Acta Neuropathologica ( Acta Neuropathologica ) 143 ( 2 ) 263 - 281 2022.02 [Refereed]
Research paper (journal)
Oligodendrogliomas are defined at the molecular level by the presence of an IDH mutation and codeletion of chromosomal arms 1p and 19q. In the past, case reports and small studies described gliomas with sarcomatous features arising from oligodendrogliomas, so called oligosarcomas. Here, we report a series of 24 IDH-mutant oligosarcomas from 23 patients forming a distinct methylation class. The tumors were recurrences from prior oligodendrogliomas or developed de novo. Precursor tumors of 12 oligosarcomas were histologically and molecularly indistinguishable from conventional oligodendrogliomas. Oligosarcoma tumor cells were embedded in a dense network of reticulin fibers, frequently showing p53 accumulation, positivity for SMA and CALD1, loss of OLIG2 and gain of H3K27 trimethylation (H3K27me3) as compared to primary lesions. In 5 oligosarcomas no 1p/19q codeletion was detectable, although it was present in the primary lesions. Copy number neutral LOH was determined as underlying mechanism. Oligosarcomas harbored an increased chromosomal copy number variation load with frequent CDKN2A/B deletions. Proteomic profiling demonstrated oligosarcomas to be highly distinct from conventional CNS WHO grade 3 oligodendrogliomas with consistent evidence for a smooth muscle differentiation. Expression of several tumor suppressors was reduced with NF1 being lost frequently. In contrast, oncogenic YAP1 was aberrantly overexpressed in oligosarcomas. Panel sequencing revealed mutations in NF1 and TP53 along with IDH1/2 and TERT promoter mutations. Survival of patients was significantly poorer for oligosarcomas as first recurrence than for grade 3 oligodendrogliomas as first recurrence.
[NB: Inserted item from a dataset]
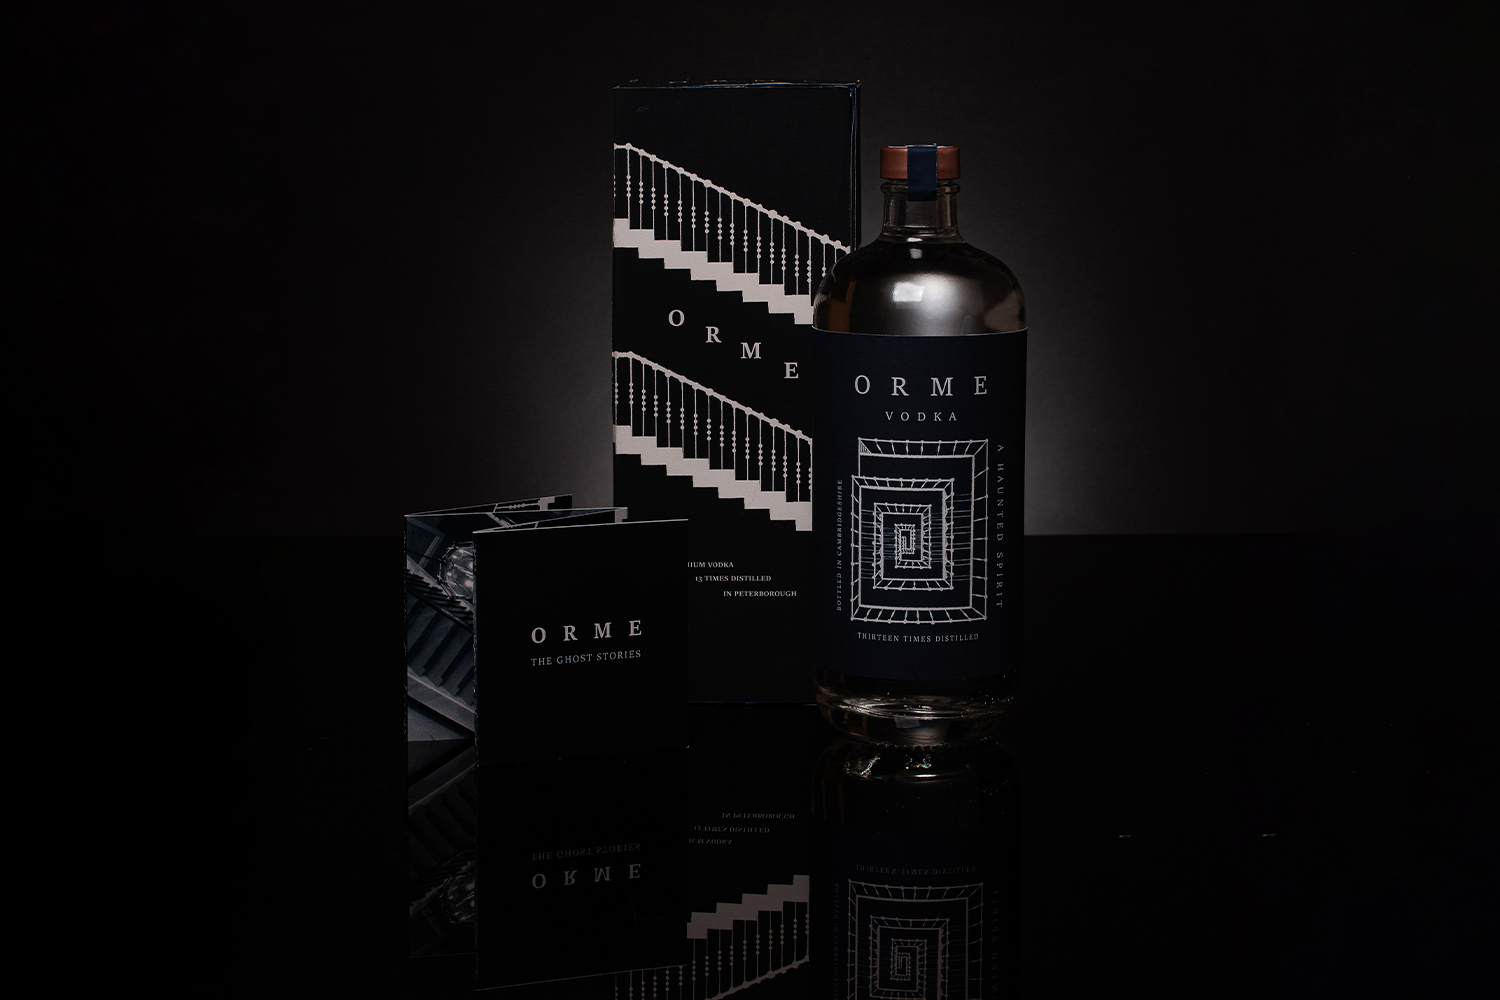 A photo of a leaflet, bottle and box for Orme Vodka. All following the illustrative spiral staircase theme.
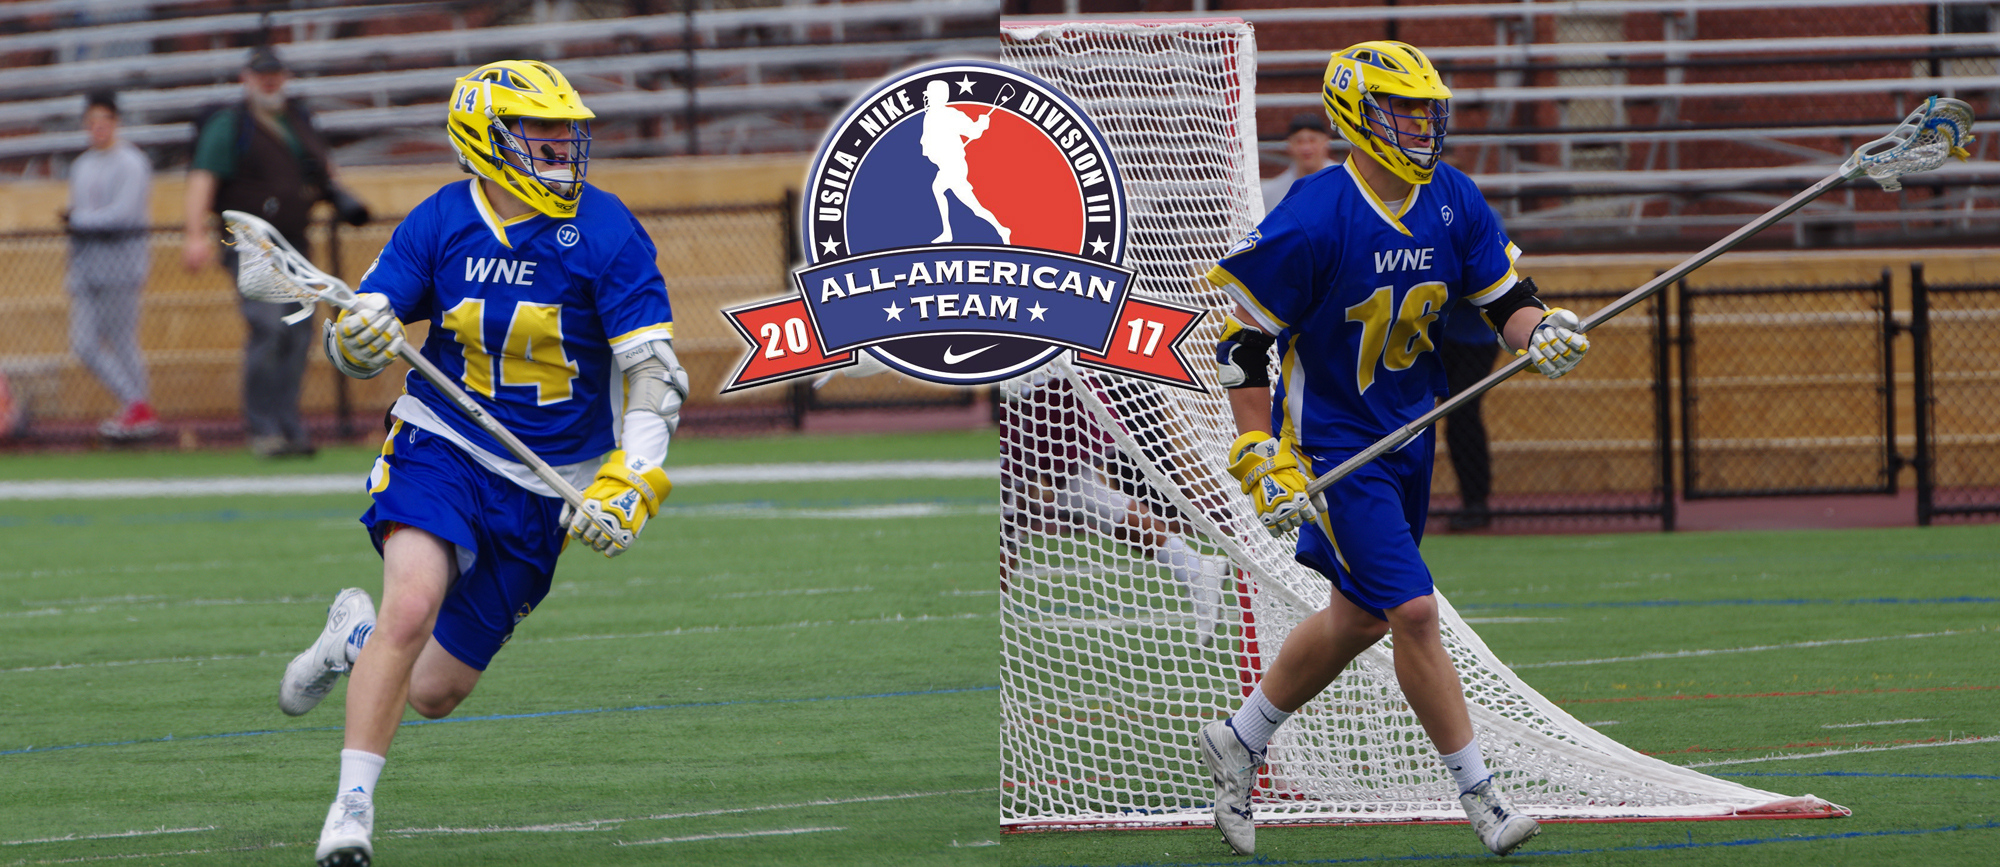 Seniors Keegan Dudeck (left) and Steven Patrie (right) both earned honorable mention All-America honors from USILA/Nike.

These results establish oligosarcomas as a distinct group of IDH-mutant gliomas differing from conventional oligodendrogliomas on the histologic, epigenetic, proteomic, molecular and clinical level. The diagnosis can be based on the combined presence of (a) sarcomatous histology, (b) IDH-mutation and (c) TERT promoter mutation and/or 1p/19q codeletion, or, in unresolved cases, on its characteristic DNA methylation profile.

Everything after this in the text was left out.